[DATASET CONTENT]

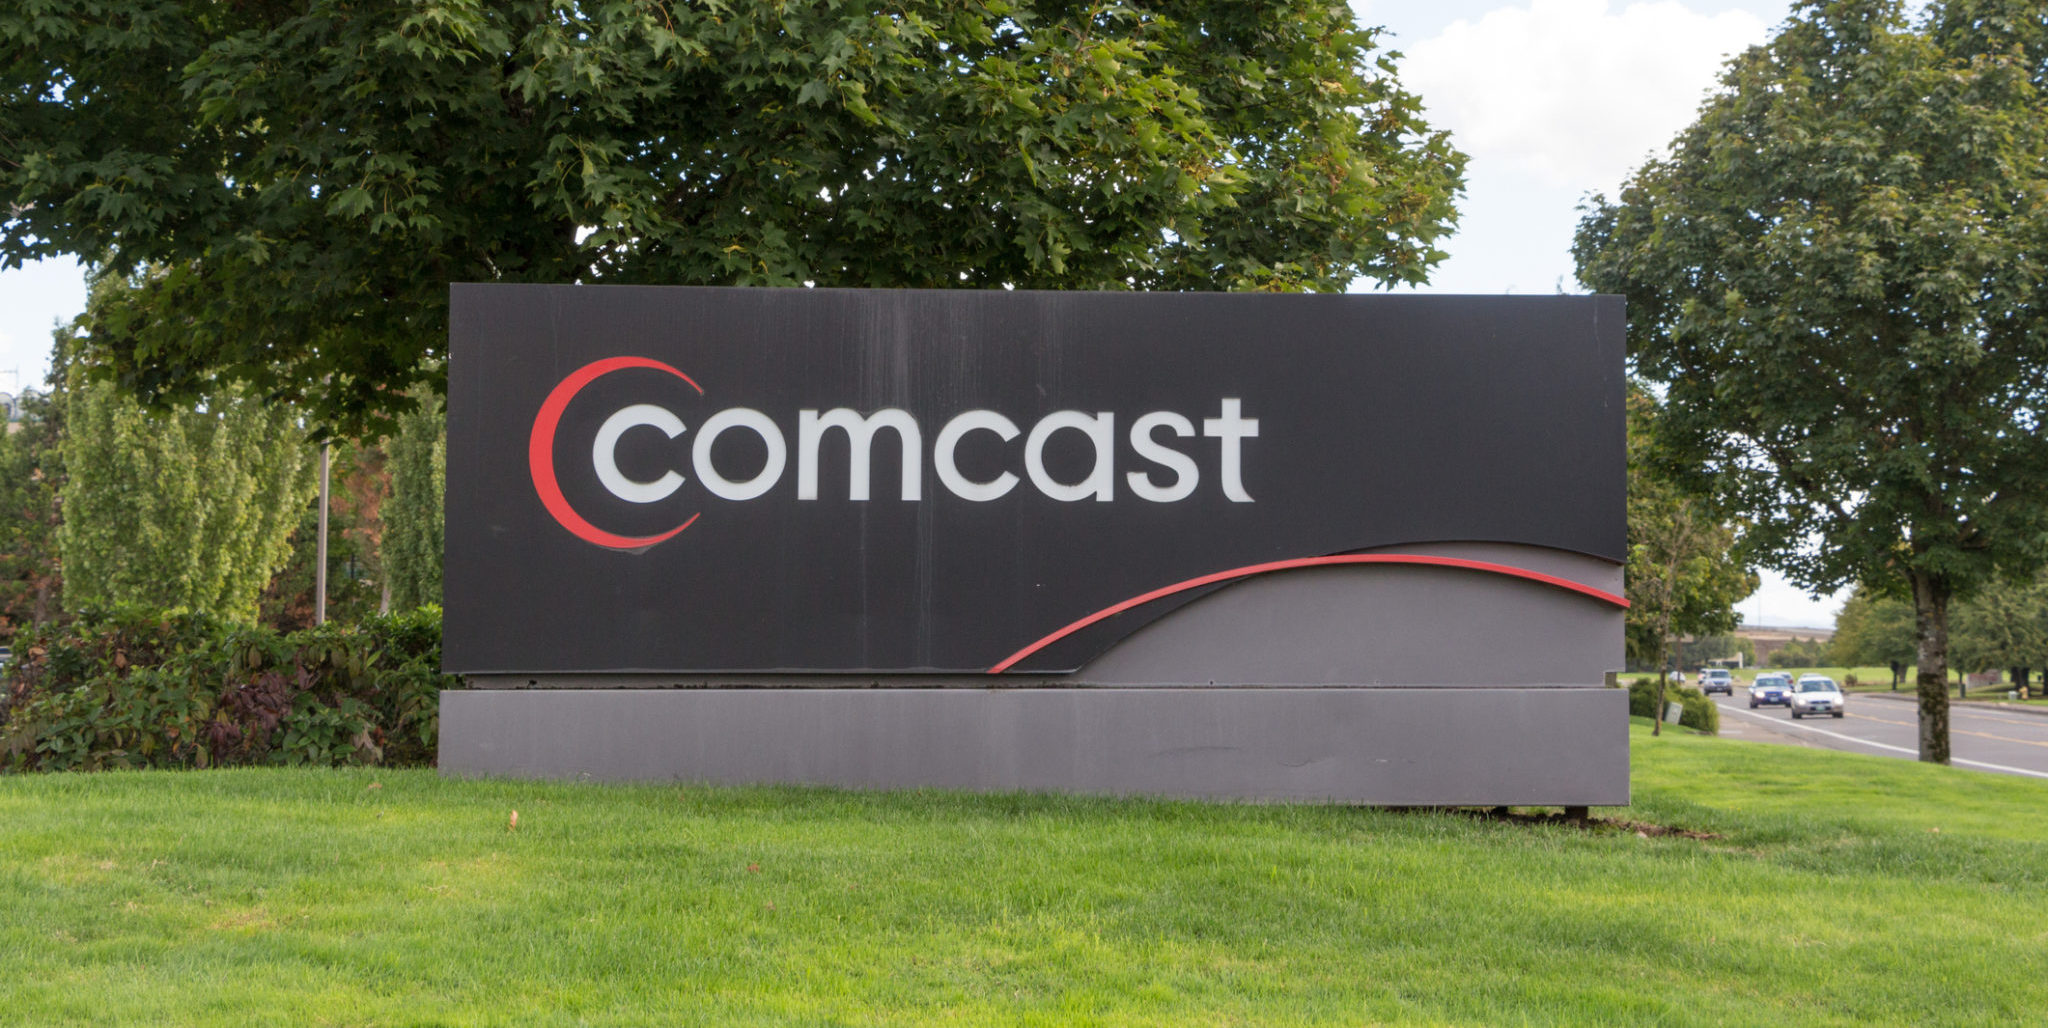 Comcast & Viacom Ramp-up Their Anti-Piracy Fight By Joining ACE
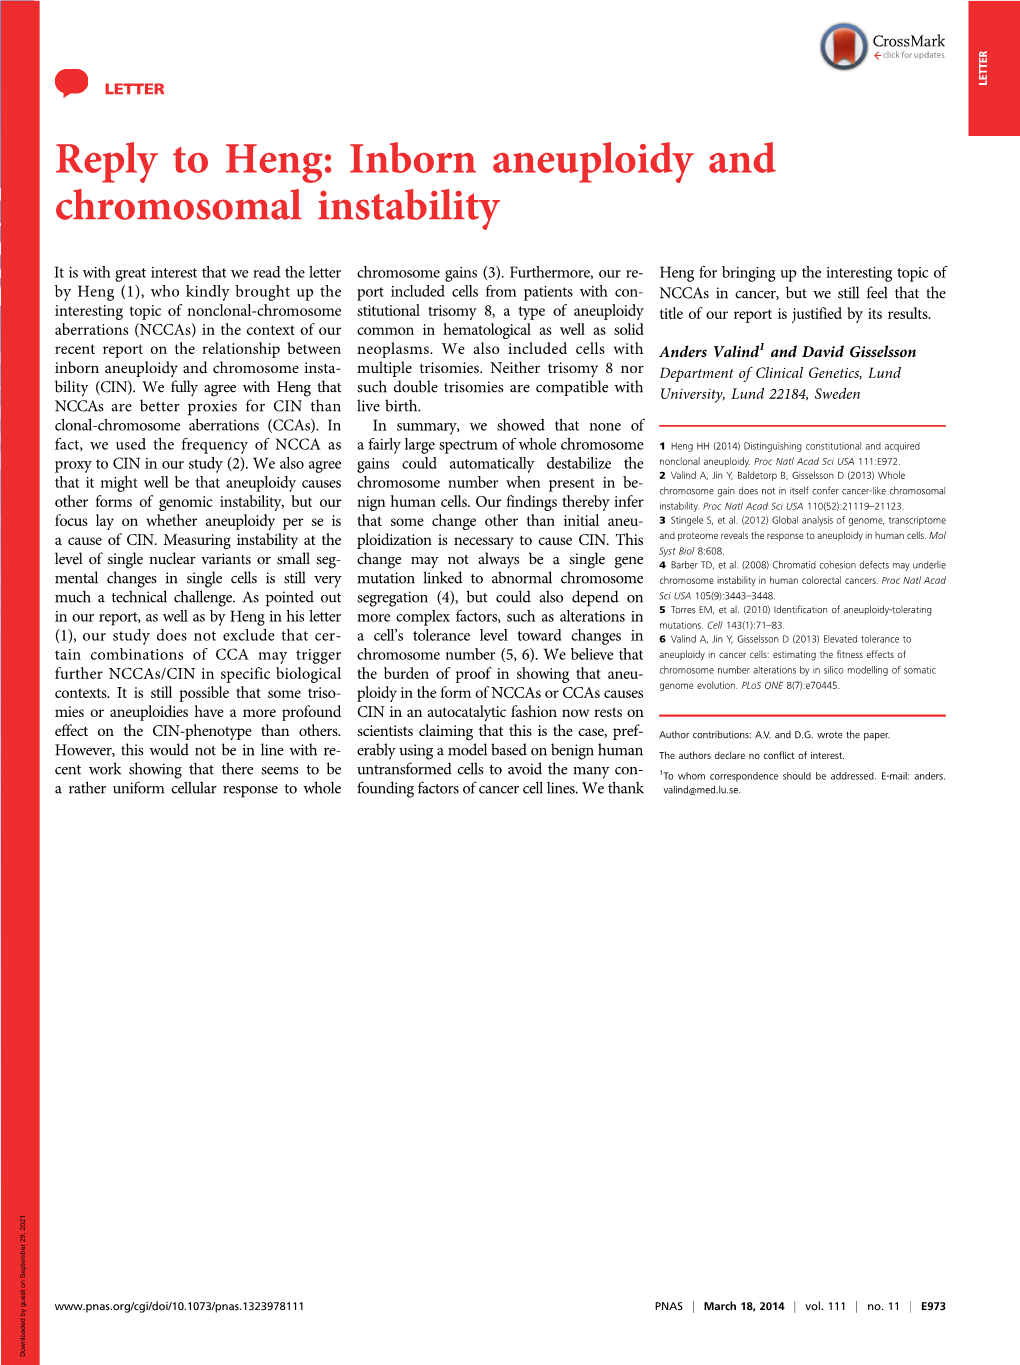 Reply to Heng: Inborn Aneuploidy and Chromosomal Instability
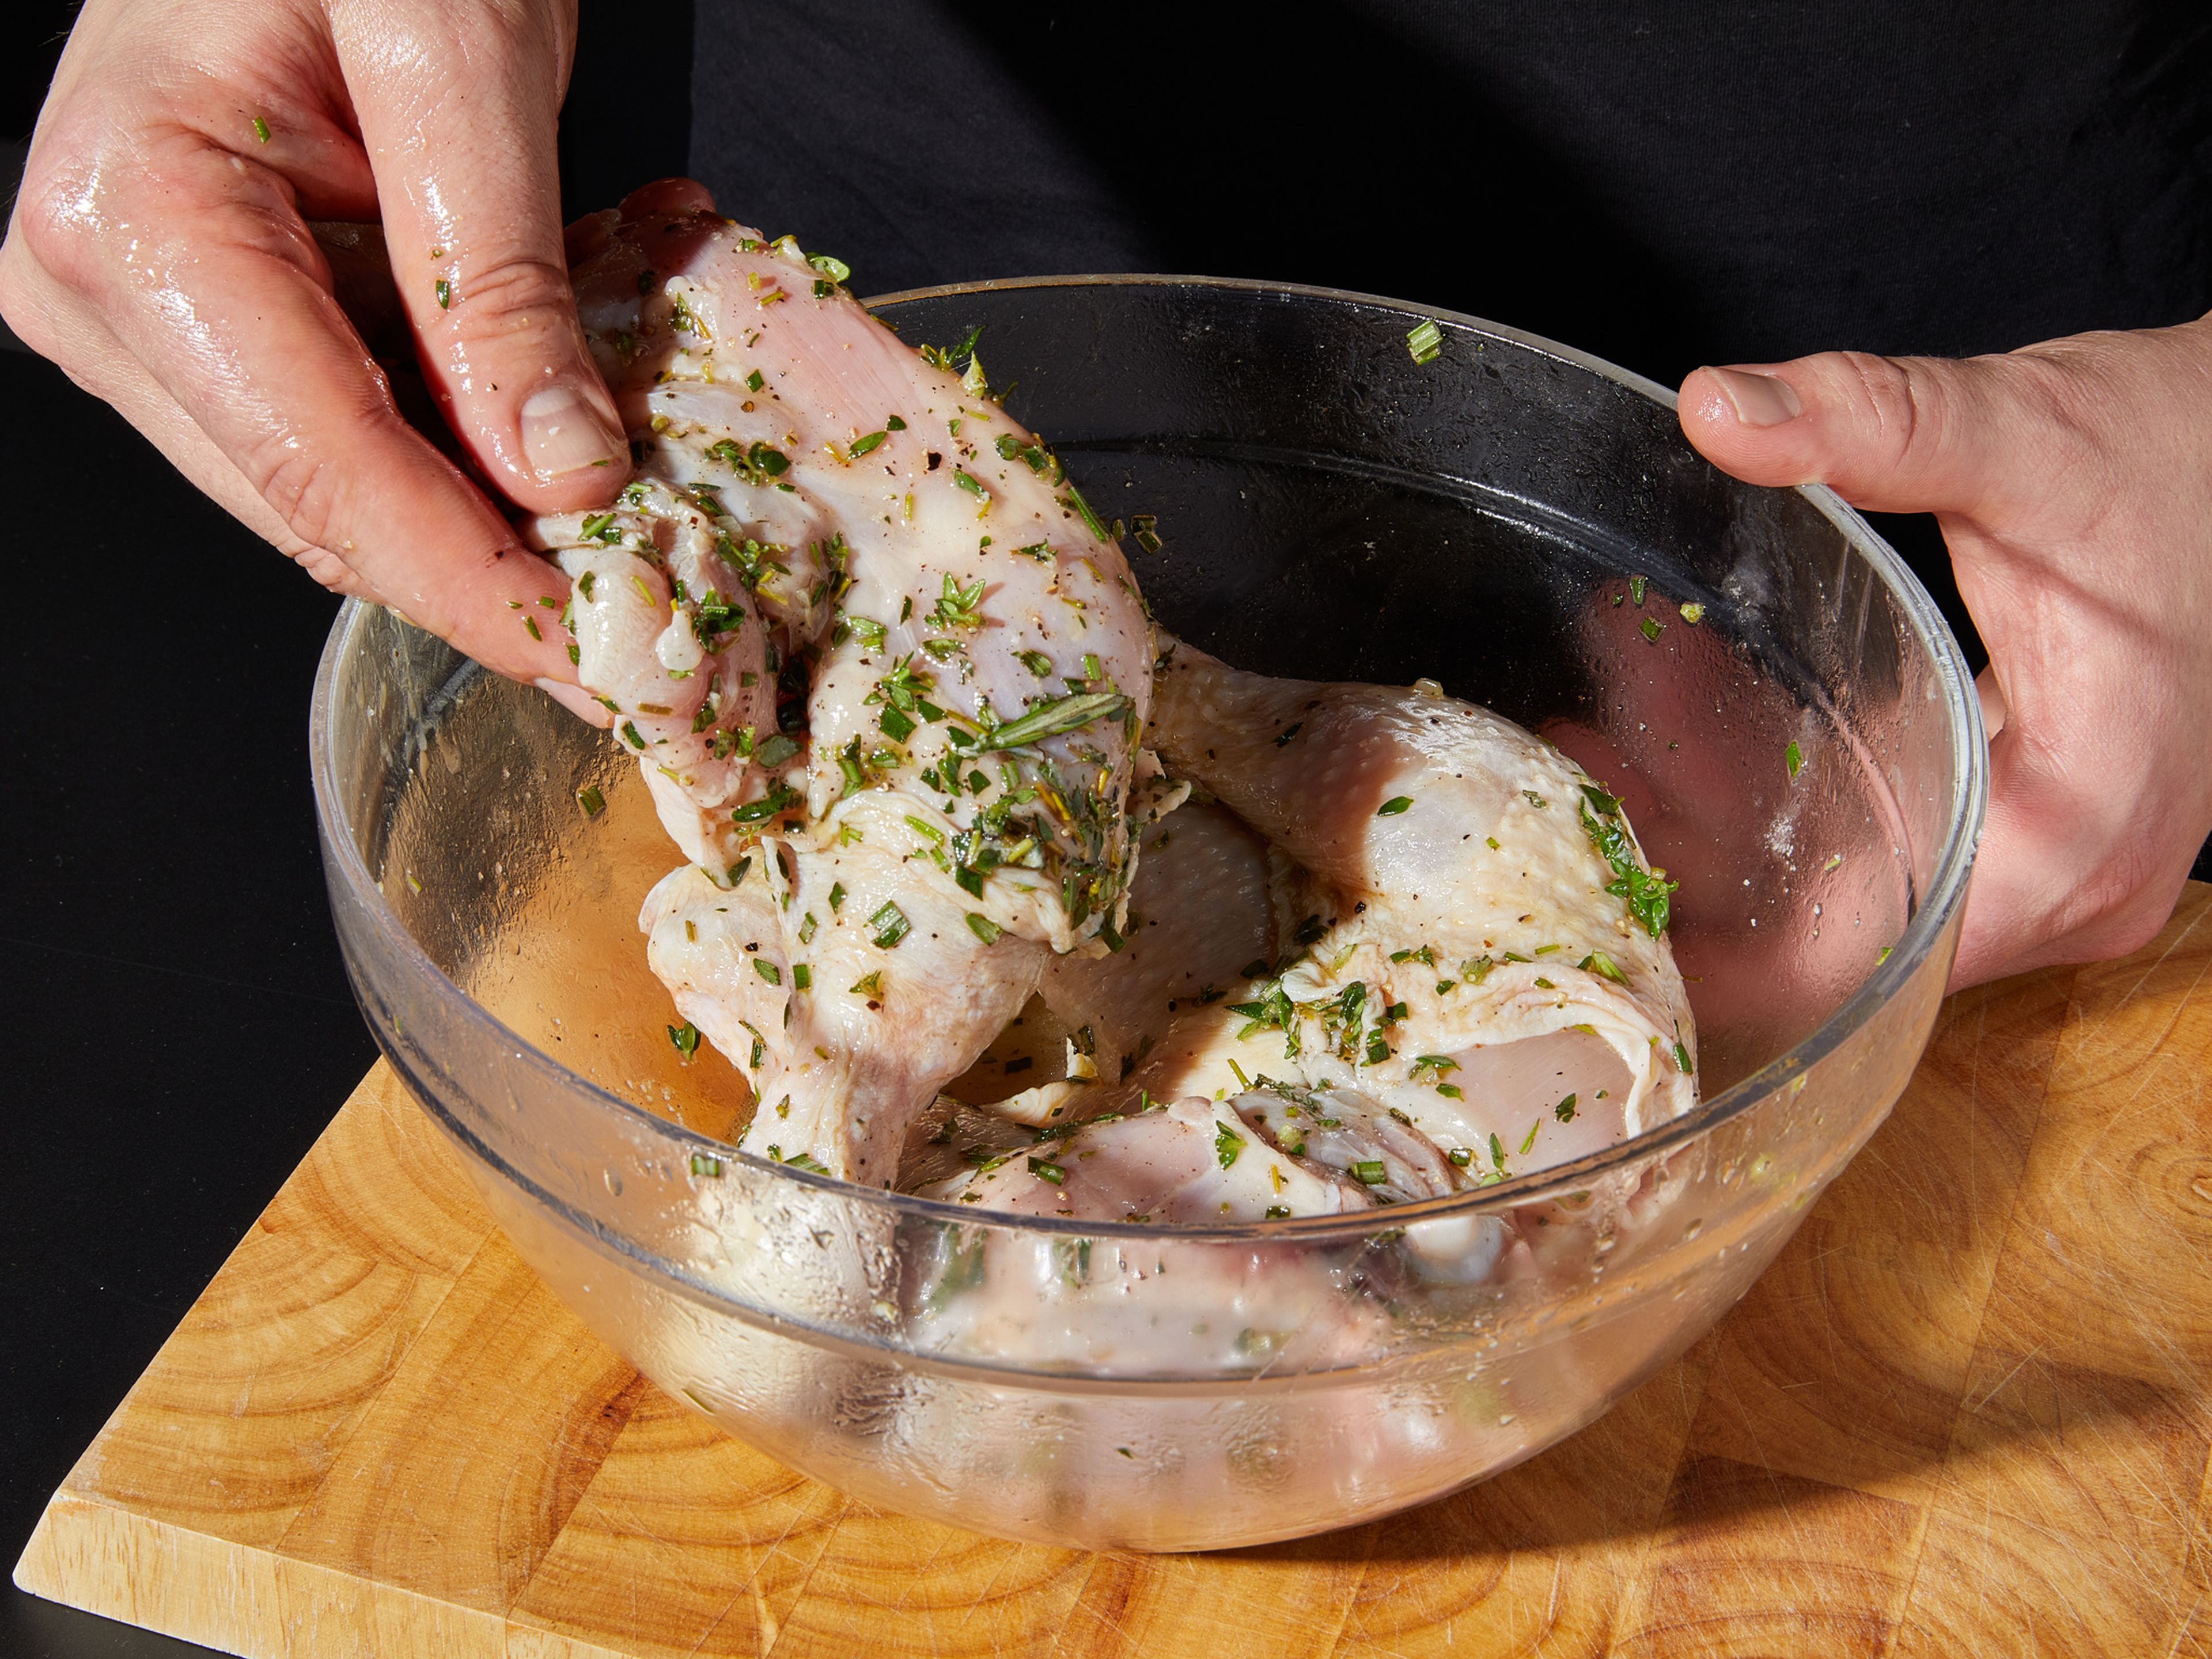 Peel and dice onion and garlic. Remove rosemary and thyme leaves from stems and finely chop. In a large bowl, mix sugar, olive oil, juice of half a lemon, thyme, rosemary, oregano, salt, and pepper. Add chicken and let marinate for approx. 30 min.

[WORK REQUEST]
Everything in the data except the pictures needs to be written out exactly.

[THE COMPLETED TASK]
 Comcast & Viacom Ramp-up Their Anti-Piracy Fight By Joining ACE
 Reply to Heng: Inborn Aneuploidy and Chromosomal Instability
 Peel and dice onion and garlic. Remove rosemary and thyme leaves from stems and finely chop. In a large bowl, mix sugar, olive oil, juice of half a lemon, thyme, rosemary, oregano, salt, and pepper. Add chicken and let marinate for approx. 30 min.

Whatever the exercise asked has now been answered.